The Coming Government Spending Spree

The Coming Government Spending Spree

iStockphoto/The Fiscal Times

The end of the U.S. government’s fiscal year is less than two months away, and as Frank Konkel lays out at Nextgov, that means federal agencies will be on a mad dash to spend a big chunk of their budgets — and some $140 billion more than they thought they’d get before Congress passed a $1.3 trillion spending deal earlier this year.

Here’s Konkel:

Without a budget agreement in place, agencies spent cautiously through the first two quarters of fiscal 2018 before the omnibus—signed six months late in March—obligated an additional $80 billion for defense and $63 billion for civilian agencies.  

Federal agencies, now flush with cash, must obligate that money before the fiscal year ends on Sept. 30 or lose it to the Treasury Department.

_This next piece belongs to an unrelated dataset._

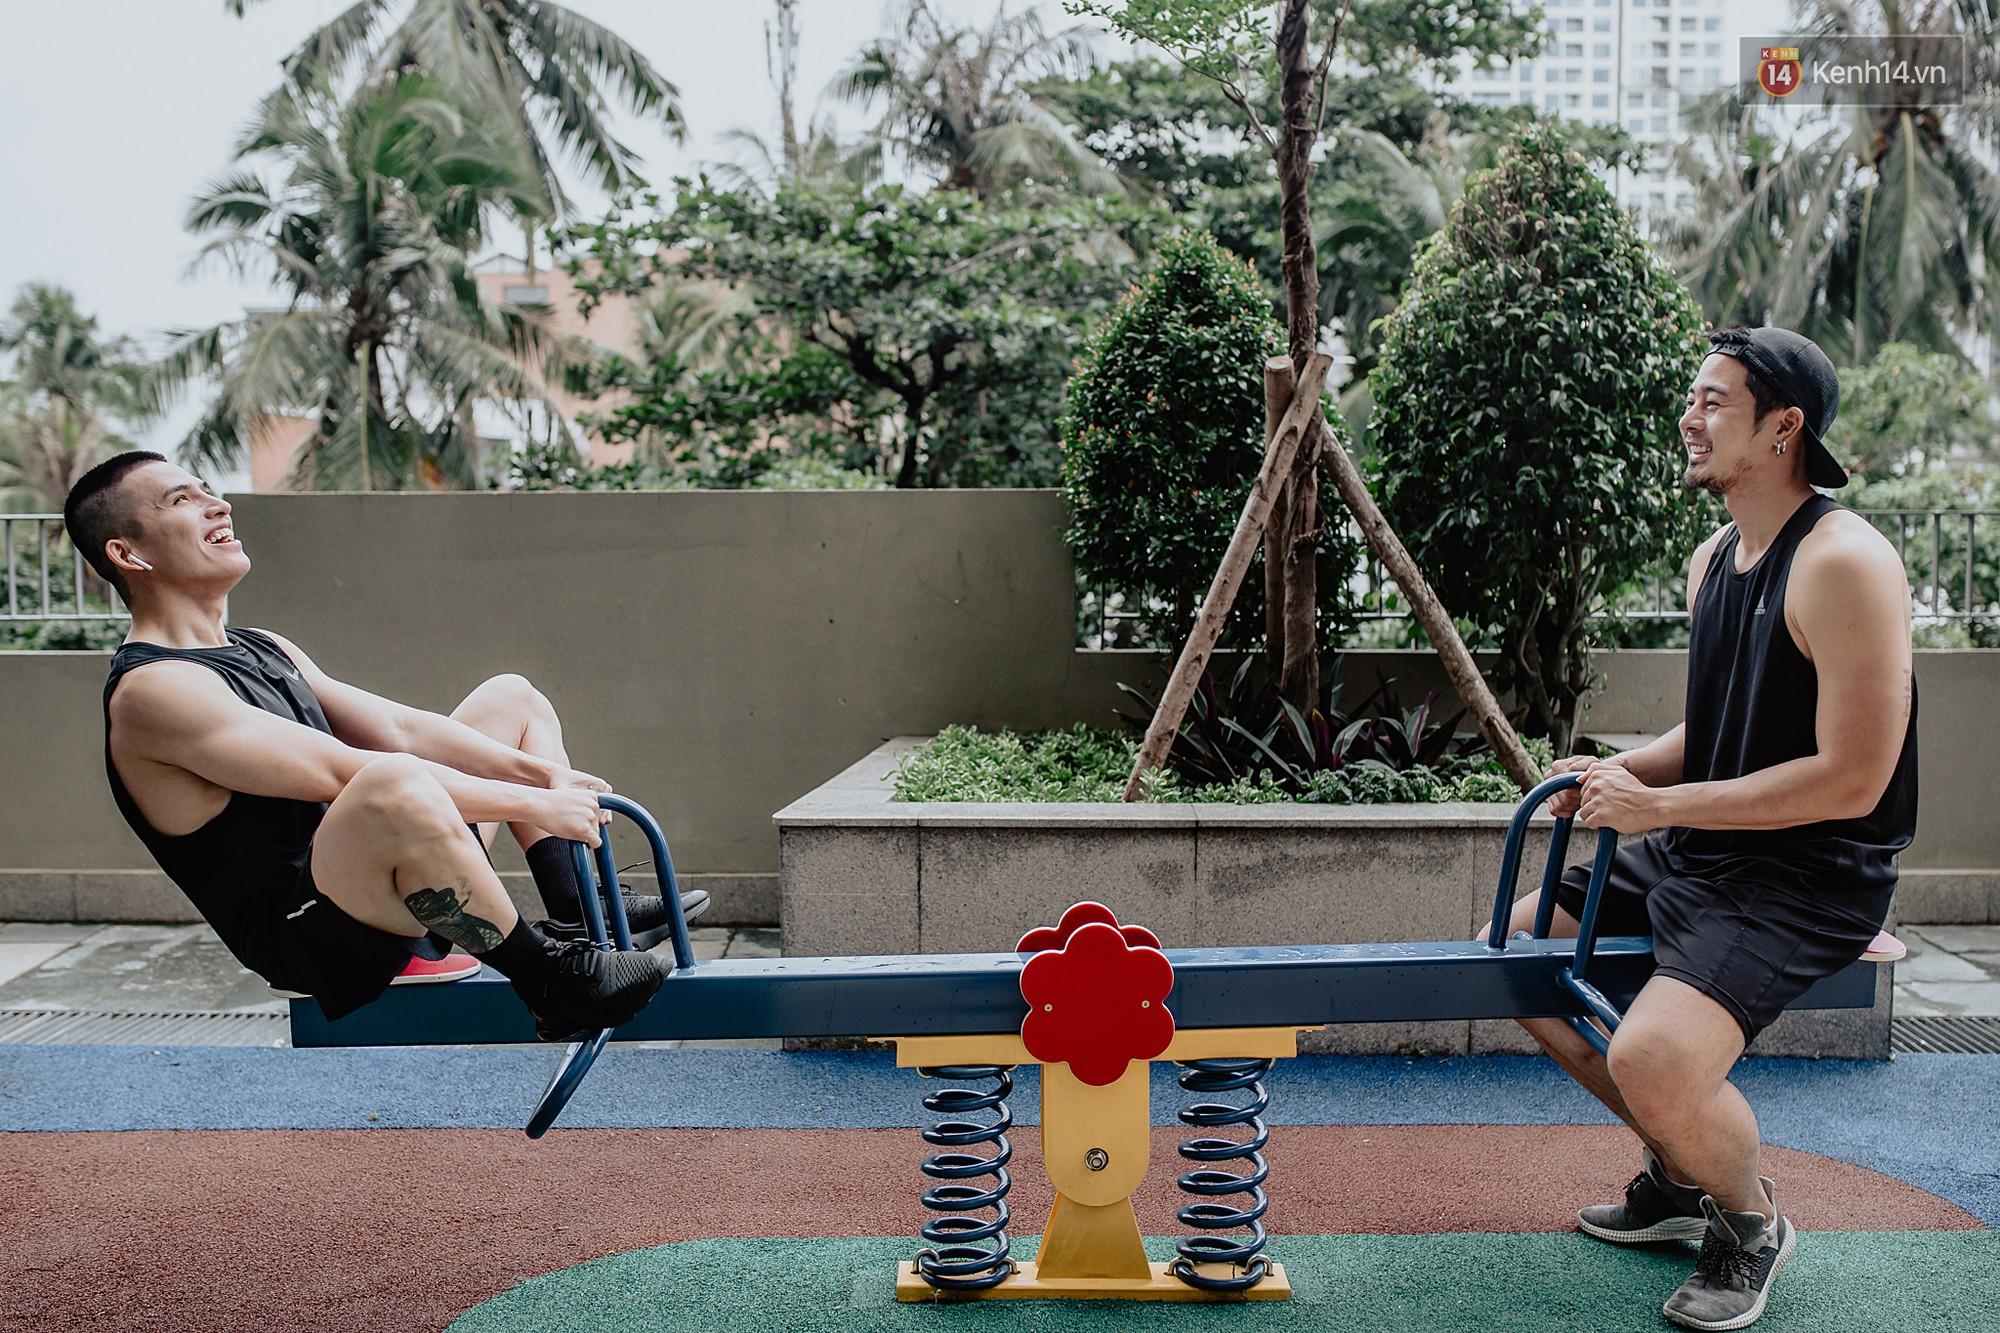 Team Đen - Cuộc đua kỳ thú 2019: Dương Mạc Anh Quân gọi Quốc Thiên là một... con quỷ, nóng tính đến đáng sợ - Ảnh 10.

Analysts believe the federal market will see a monumental effort among procurement officials to spend as much on contracts as possible.

The situation: The federal government has spent $308 billion on contract awards so far this year, according to data published by The Pulse of GovCon last week. While roughly a third of agency spending typically occurs in the final calendar quarter — and 6 percent to 8 percent of annual contract spending occurs during a September end-of-year spike — so far this year only two of the 10 largest federal agencies have spent 70 percent of their discretionary budgets. “In short, this means there is a lot of money, more than normal, still on the table for Q4 FY18,” the Pulse report says, though some of that appropriated money will remain available in fiscal 2019.

Why spending has been slow so far in 2018: The uncertainty resulting from government funding legislation being enacted almost seven months late is one likely factor (note, too, that the omnibus spending bill allowed for 25 percent of all the spending it authorized to occur in the last two months of the fiscal year). But The Pulse of GovCon report suggested some other reasons: “One could theorize that this is due to the time-consuming, broken procurement process we all have learned to love (hate). Or based on the data, we can collectively make a few more assumptions that this has more to do with undecided federal priorities, 170+ key FedGov vacancies, 13K federal jobs cut to include federal layoffs and turnovers, hiring freezes, and possibly the Administration slow-rolling spending.”

The bottom line: The final months of 2018 will likely see an unusually high federal spending spree, but government contracting officials may also have more on their plates than they can handle before the end of September. The Pulse report also predicts that “you will see a lot more of this ‘new’ money in the new (fiscal) year, and not in the slowly closing Q4 window.”